The magic here is that workflows are dependency graphs capable of automatically detecting which tasks depend on which others and passing the outputs (return values) from completed tasks as parameters to others.

Additionally, the workflow will be visible in the UI as a graph showing whose waiting on what and making it easy to get each step’s current status.

Timeouts and fallbacks #

Let’s go back to the workflow example and say we have found that validating addresses can sometimes be too slow, and in order to meet our agreements with our customers we need to give up after a certain amount of time and unblock the rest of the flow.

We can do this like so:

validating = rota
    .step("Validating", validate.batch_params(letters=letters).batch_size(1000))
    .skip_after(timedelta(minutes=2))

This will move on to the next step after two minutes.

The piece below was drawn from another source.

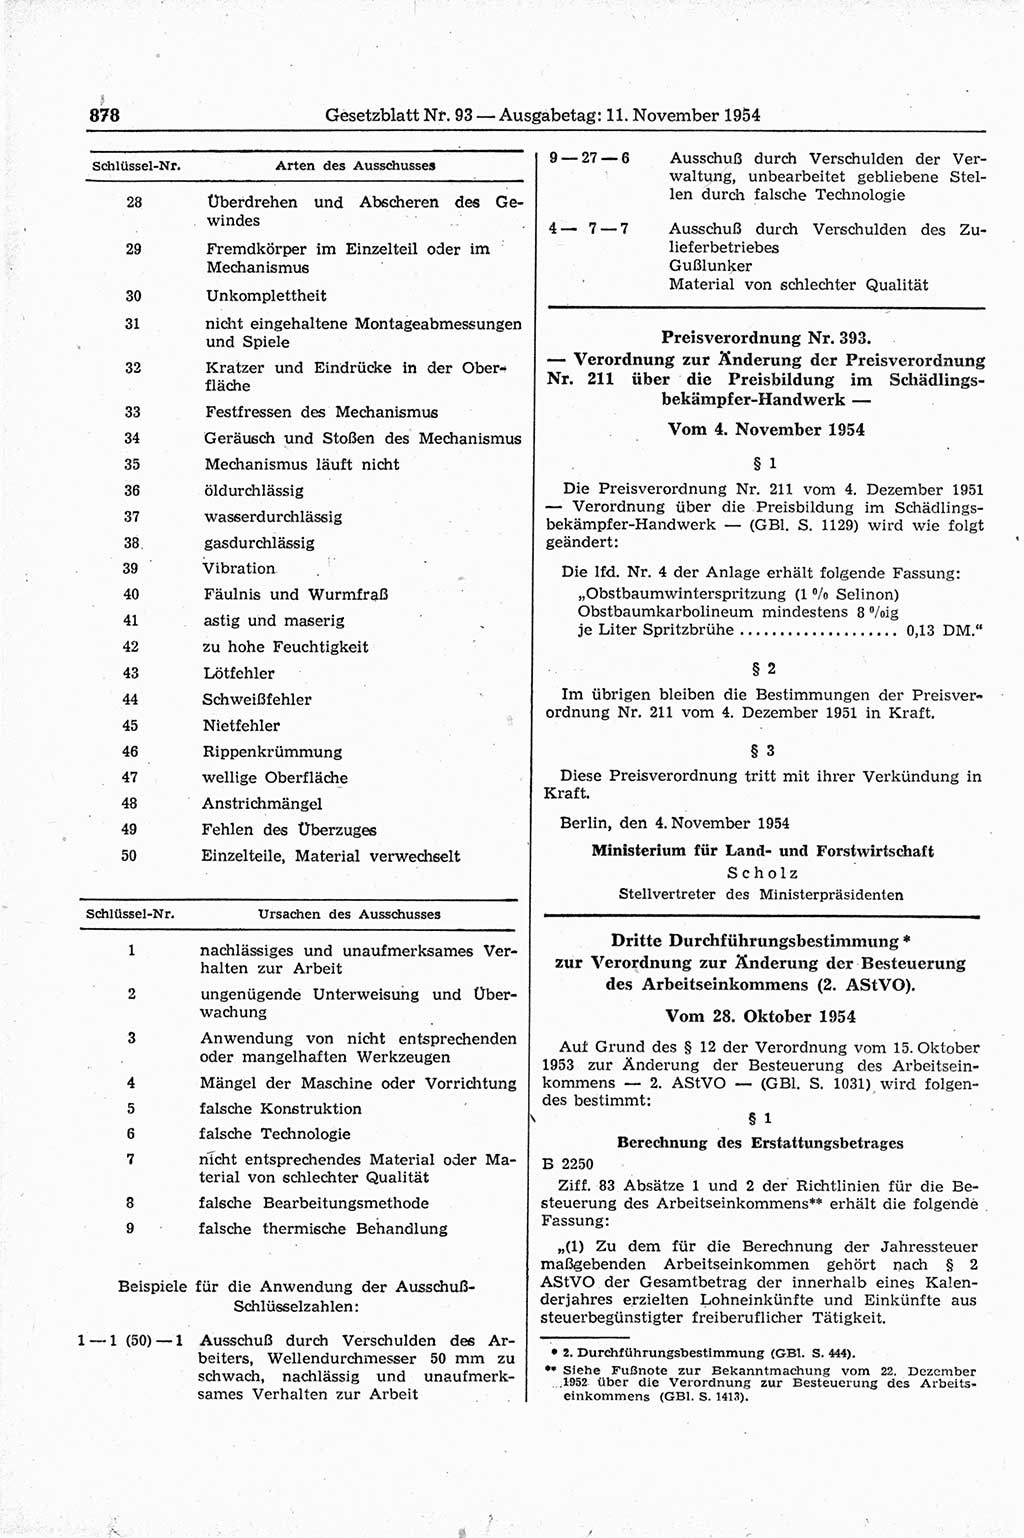 Gesetzblatt (GBl.) der Deutschen Demokratischen Republik (DDR) 1954, Seite 878 (GBl. DDR 1954, S. 878)

However, there’s a problem: many of the other steps depend on the output of this task. When the workflow is run like this, the other tasks will fail with a “dependency skipped” error.

You can resolve this by setting a fallback output, like this:

validating = rota
    .step("Validating", validate.batch_params(letters=letters).batch_size(1000))
    .skip_after(timedelta(minutes=2))
    .fallback_output(num_to_send=len(letters), num_invalid=0, letters_to_send=letters)

Now if two minutes pass, the task is skipped and the fallback values are used in their stead. None of the letters will be considered invalid and we’ll try to send all of them. Don’t worry, the mailroom will compost the bad letters!